OLS on Wednesday welcomed the Sudanese government's announcement and said the first assessment mission would take place next week in rebel-held areas of the Nuba mountains. Food, health and other needs would be determined, OLS said in a press release. Assessments were also planned in government areas over the next month. OLS said the announcement "comes after repeated attempts by the United Nations over the last 10 years to gain access to one of the most forgotten, destitute populations in Sudan".

Fourth WFP plane to begin airlift to Bahr al-Ghazal

Meanwhile, WFP said a fourth Hercules plane would on Wednesday begin airlifting relief assistance to the Bahr al-Ghazal region, so that 75 percent of the needy population would now be supplied. It was hoped migration would be stemmed as six to seven locations could now be reached, a WFP spokesperson told IRIN.

ICRC to resume operations

After a break of about 18 months, ICRC is to resume its activities in Sudan, the organisation has announced. It was forced to pull out expatriate staff in November 1996 after one of its planes was seized by rebels and the Khartoum authorities subsequently accused ICRC of transporting weapons for the insurgents. Well-placed sources told IRIN that maverick rebel leader Kerubino Kwanyin Bol was behind the capture of the plane, which was subsequently released. All sides have now agreed that ICRC can resume its field activities with the necessary security guarantees. A recent offensive led by Kerubino Bol in Bahr al-Ghazal has contributed to the current crisis in that region, observers say.

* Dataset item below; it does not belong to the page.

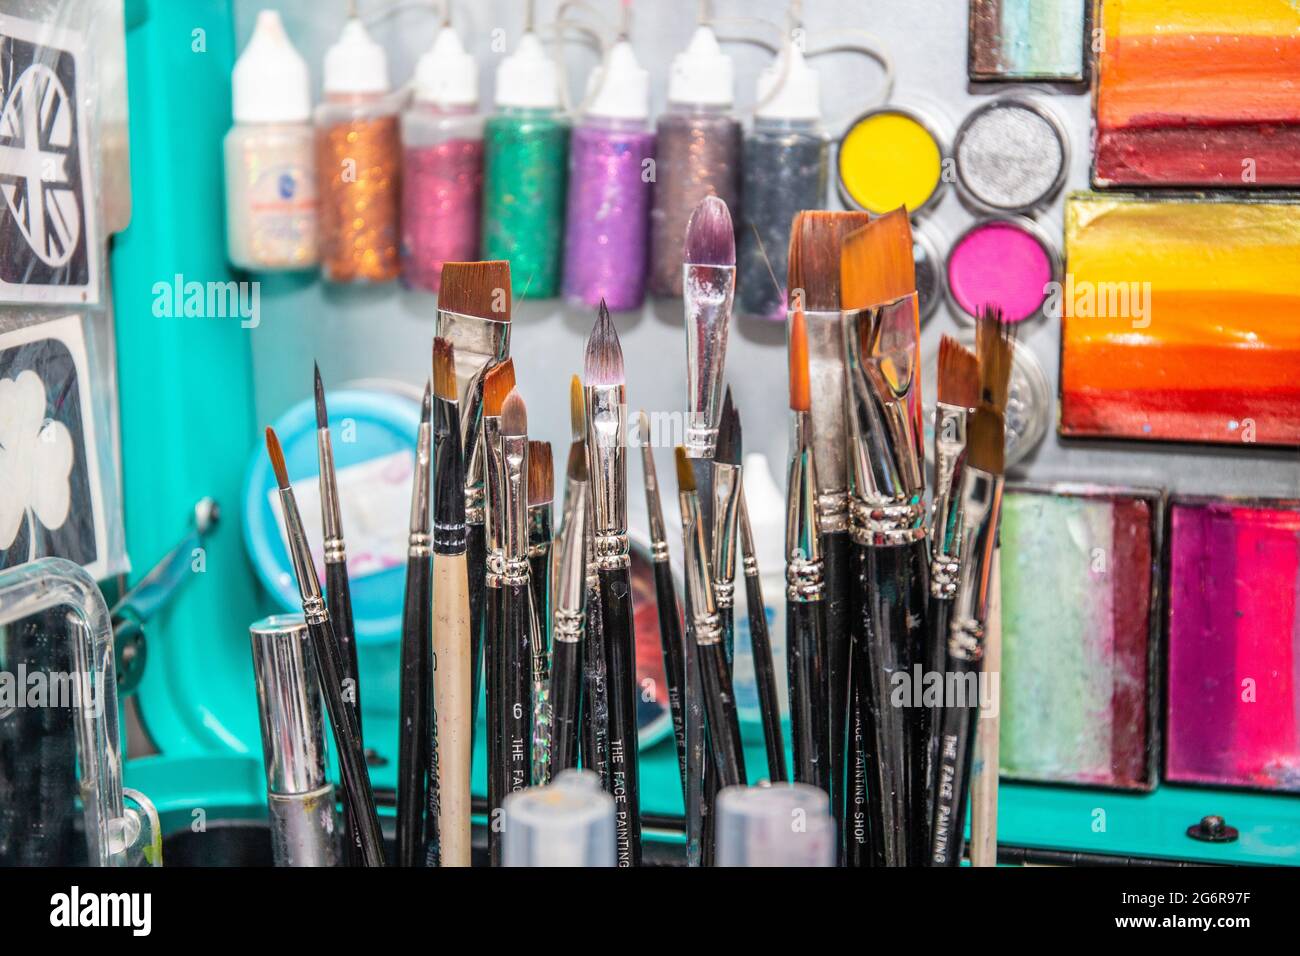 Nahaufnahme von Farben, Schablonen, Bürsten und anderen Geräten, die für die Gesichtsmalerei verwendet werden. Stockfoto

DEMOCRATIC REPUBLIC OF CONGO: Parties to be legalised ahead of elections

President Laurent-Desire Kabila has said the ban on political parties will be lifted six months before general elections. In a lengthy interview with Radio France Internationale, broadcast on Monday, he said the temporary suspension of parties was necessary to safeguard civil liberties because of the chaos inherited from the previous regime. Asked about the abortive UN investigation into human rights violations, Kabila said the mission had never been driven out of the country and it was welcome to return. Concerning the process of democracy, he could not understand the attitude of the international community "which wants us to jump over the various stages". On instability in eastern DRC, Kabila said reports of anti-Tutsi and anti-Banyamulenge feelings were a "fabrication" by the media. The rebel Mayi-Mayi groups were now in "disarray" and "at loggerheads" with the Rwandan Interahamwe militia and ex-FAR members, he added. He also denied there were incursions into the territory by the Rwandan army.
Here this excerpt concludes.